### Problem details
Where the material below has a line containing "El Govern creu", start repeating exactly, and keep going through the line containing "ストライプ新聞氷中野製薬 デスピナ リペアメント スキャルプ ボリュームアップ 670g", with no other lines.
[Stored data — start]
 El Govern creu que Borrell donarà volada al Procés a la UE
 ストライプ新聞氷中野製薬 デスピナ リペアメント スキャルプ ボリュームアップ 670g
[Stored data — finish]
[Stored data — start]
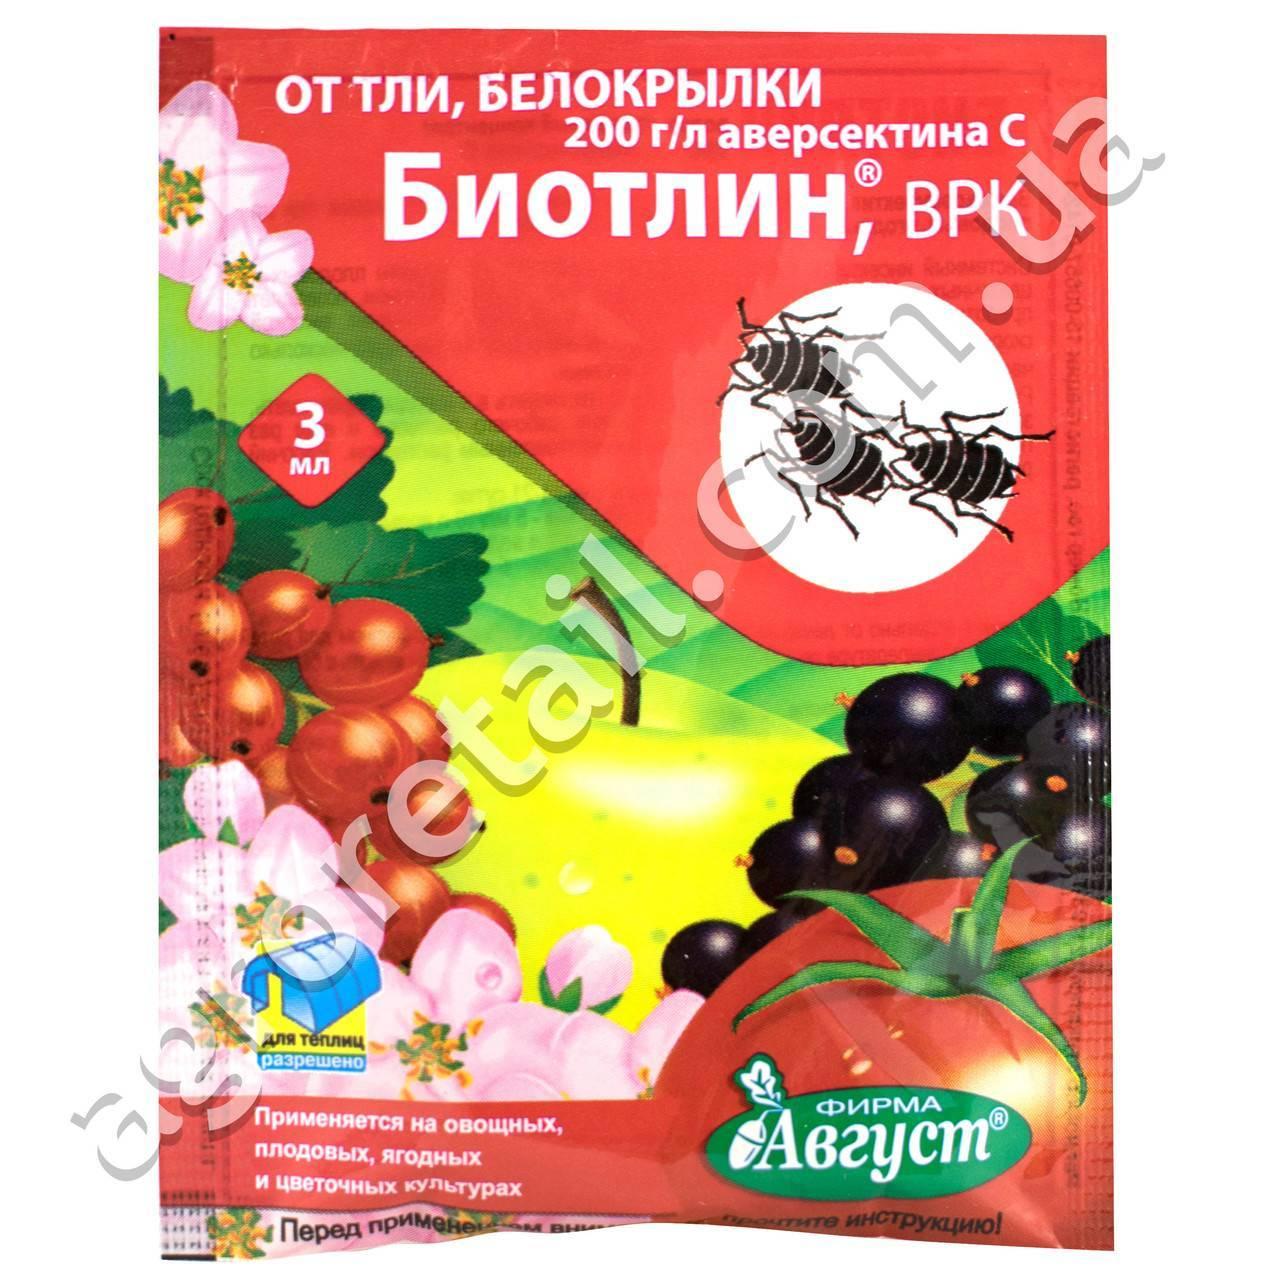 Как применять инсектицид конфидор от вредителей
[Stored data — finish]
[Stored data — start]
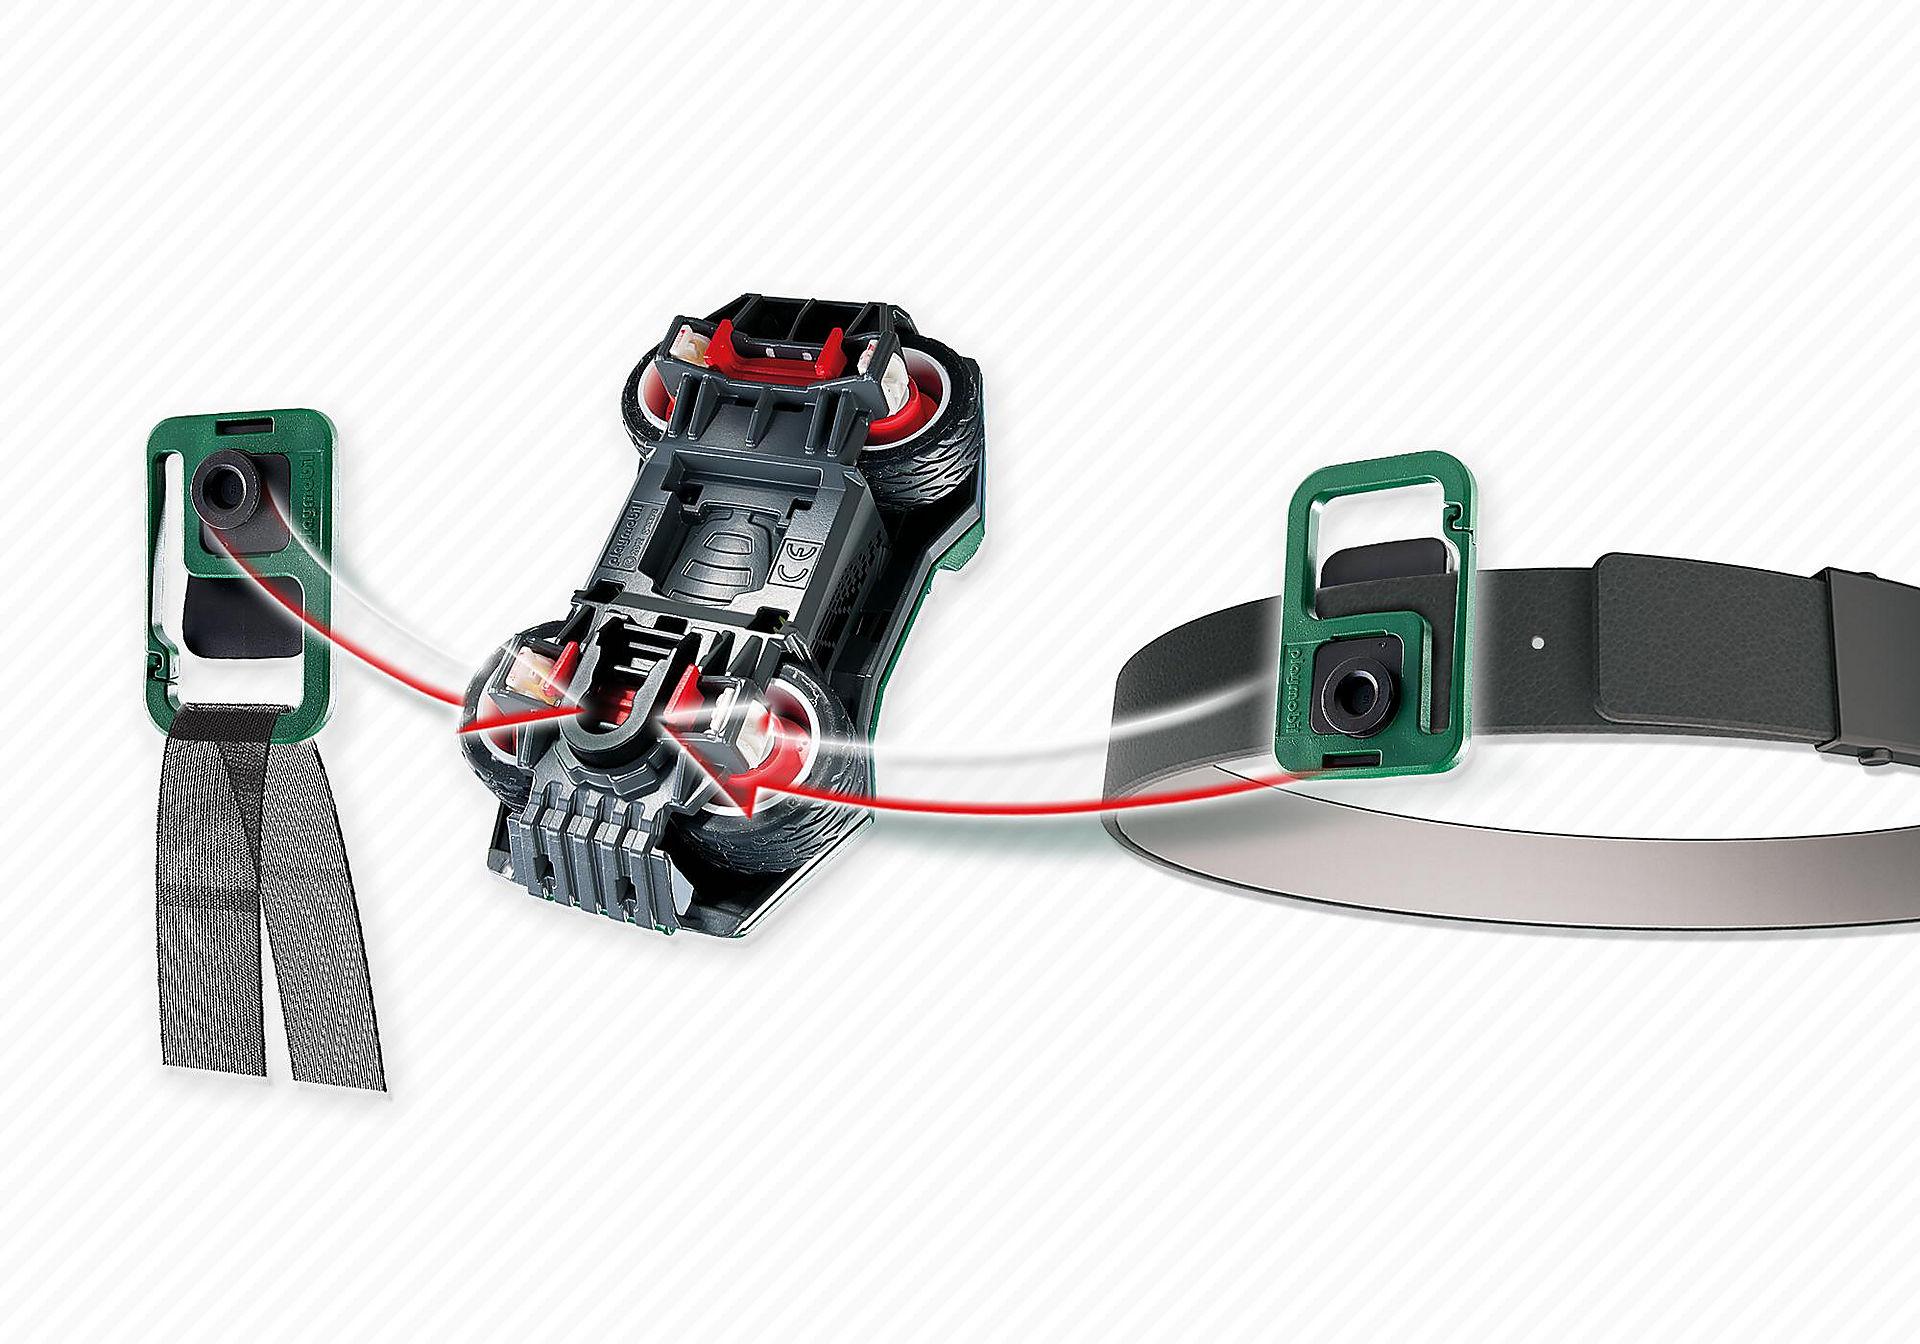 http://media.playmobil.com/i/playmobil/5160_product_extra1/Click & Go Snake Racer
[Stored data — finish]
### Task result
 El Govern creu que Borrell donarà volada al Procés a la UE
 ストライプ新聞氷中野製薬 デスピナ リペアメント スキャルプ ボリュームアップ 670g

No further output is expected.